Building Realistic Test Data in Java: A Hands-On Guide for Developers
Learn how to build a simple API that delivers believable fake users, perfect for testing, demos, or UI prototyping. No more “John Doe” data, finally, real-feel mocks.
Join the DZone community and get the full member experience.
Join For FreeThere’s something that every backend or API developer faces sooner or later: the need for good fake data.
Whether you’re testing a new API, populating a database for demos, or simply trying to make your unit tests less “boring”, fake data is part of your daily routine. The problem? Most fake data feels… fake. You end up with “John Doe” and “123 Main Street” repeated over and over, which doesn’t look great when showing a prototype to your team or client.
So today, let’s fix that.
In this article, we’ll explore two powerful Java libraries that make generating fake yet realistic data a breeze: DataFaker and EasyRandom.
We’ll go beyond just generating names and emails — we’ll learn how to integrate both libraries inside a Spring Boot 3 project, how to combine their strengths, and how to make everything available through a REST API that returns test data.
This isn’t a theoretical overview. We’ll look at real code, and you’ll walk away knowing exactly how to reproduce it in your next project.
Why Bother Generating Fake Data?
Let’s face it: manually crafting test data is time-consuming and error-prone.
Imagine you’re developing a system for managing users. You need to test pagination, filtering, sorting, and edge cases (like missing emails or very long names). Instead of hand-writing 100 lines of sample JSON, wouldn’t it be nicer to generate it automatically and instantly?
Good fake data helps you:
- Validate your logic in a more realistic scenario
- Showcase prototypes with data that “looks real”
- Stress test APIs or UI components with variable inputs
- Automate unit tests without boilerplate “mock builders”
So instead of hardcoding “Alice” and “Bob,” we’ll let DataFaker and EasyRandom do the heavy lifting.
DataFaker: The Modern, Improved JavaFaker
If you’ve used JavaFaker in the past, DataFaker is its modern, actively maintained successor.
It’s built for recent Java versions (Java 17+), is fast, and offers hundreds of data categories — including names, addresses, finance, company information, internet data, crypto keys, and even Star Wars characters if you feel nostalgic.

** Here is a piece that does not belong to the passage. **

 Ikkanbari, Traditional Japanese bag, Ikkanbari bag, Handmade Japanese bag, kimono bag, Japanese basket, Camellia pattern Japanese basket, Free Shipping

Let’s see a quick example:
import net.datafaker.Faker;
Faker faker = new Faker();
System.out.println(faker.name().fullName());
System.out.println(faker.internet().emailAddress());
System.out.println(faker.address().fullAddress());
Run that, and you’ll get something like:
Matilde Marques
[email protected]
Rua do Carmo 45, 1200-093 Lisboa
Pretty cool, right? And it even looks localized if you change the locale.
Faker faker = new Faker(new Locale("pt"));
Now your data fits your language and region — an enjoyable touch for international testing.
EasyRandom: Because We Need More Than Fields
While DataFaker focuses on realistic field-level data, EasyRandom (formerly Random Beans) takes a different approach.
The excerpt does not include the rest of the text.